Dr. Jenny Radesky joins CultureShift to discuss how parents and children can build a healthy relationship with technology amid a global pandemic..

How much screen time is too much may not be a new question. But it’s definitely become a more complicated one amid a global pandemic that is forcing many parents and caregivers to work remotely while attempting to educate and entertain their kids at the same time.

The internet is a vital tool for people to connect and now the main way to socialize while under a shelter-in-place order. Does that make increased screen time ok? 

According to Dr. Jenny Radesky, a pediatrician who specializes in youth development and digital media at the University of Michigan’s C.S. Mott Children’s Hospital, now is the time to think about how we’re using technology and to be aware that kids respond to media in both positive and negative ways. 

“It’s fine to set time limits, but I love to get at some of the issues around content and how that makes us feel, how we’re using media together as a family rather than letting it separate us.” — Dr. Jenny Radesky


Listen: Dr. Radesky discusses the effects of increased screen time during a global pandemic


“As we’re learning to cope,  [consider if] the way we’re using technology is distracting. Screen time is one easy way to think about technology use, but it doesn’t capture everything. It’s fine to set time limits, but I love to get at some of the issues around content and how that makes us feel, how we’re using media together as a family rather than letting it separate us,” Dr. Radesky tells CultureShift’s Amanda LeClaire. “Research has shown that more time with the TV on or using mobile devices, the less parent-child conversation there is and fewer words kids hear and that’s important because that’s how they build language. But it’s also the way they cope emotionally or make sense of the world.”

Dr.
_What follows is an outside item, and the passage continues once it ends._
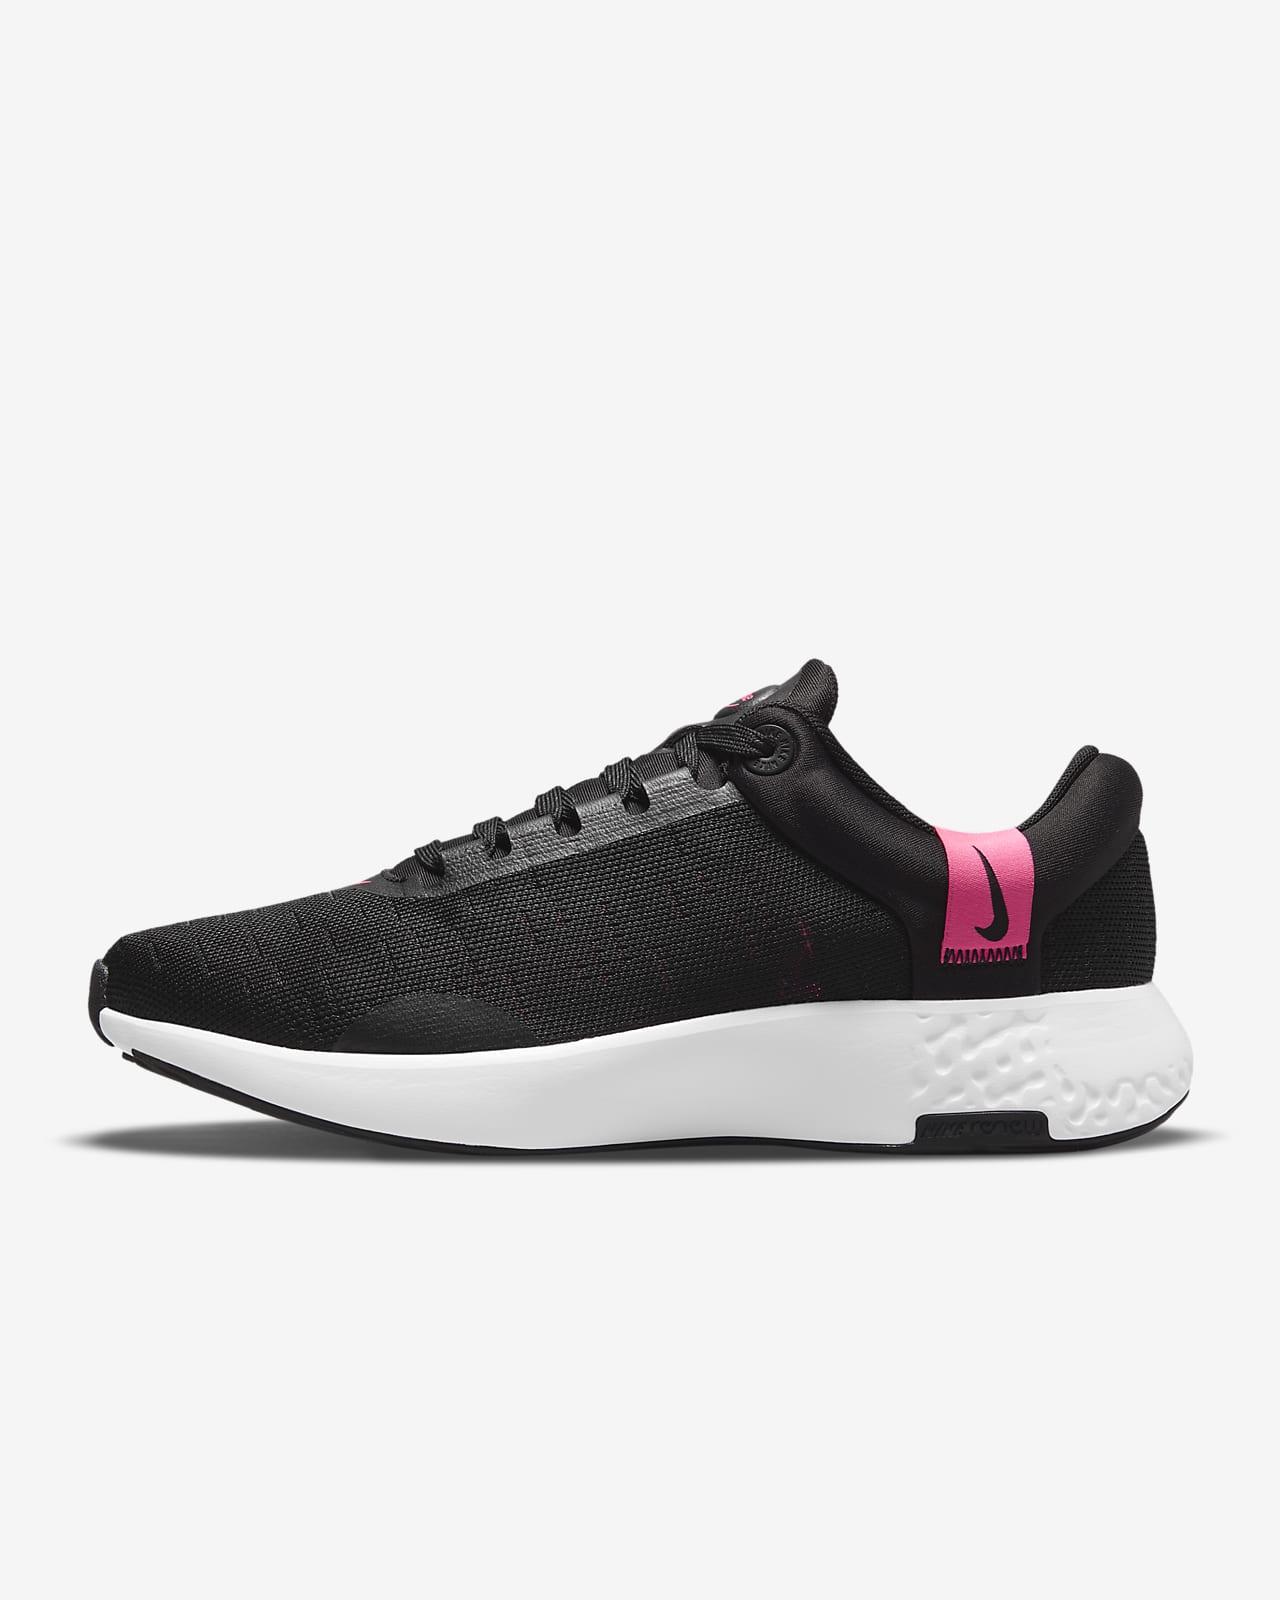 Nike Renew Serenity Run Women's Road Running Shoe

Radesky suggests that sites like Wide Open School, where positive content is vetted and classified by age and category, are ideal digital tools to engage with youth while promoting mental stimulation. “I’ve been sending a lot of my patients to their emotional well-being site where you can find a lot of activities that deal with mindfulness,” she says.

Additionally, just as adults monitor children’s use of technology, it’s also important for parents to carve out a time to disconnect. 

“[Kids] do watch us, parents,” she says. “We are really important role models and it does help if parents know when to turn it off too. So if you schedule a little break in your day, shorten some of your meetings, then go take that break and check in with your child – make a snack together or go outside. Those are ways that we have control of our technology use too.” 

She adds, “There’s no perfect way to do this. But we have to be aware of when we’re getting drawn into entertainment and binging and when it’s displacing other things.”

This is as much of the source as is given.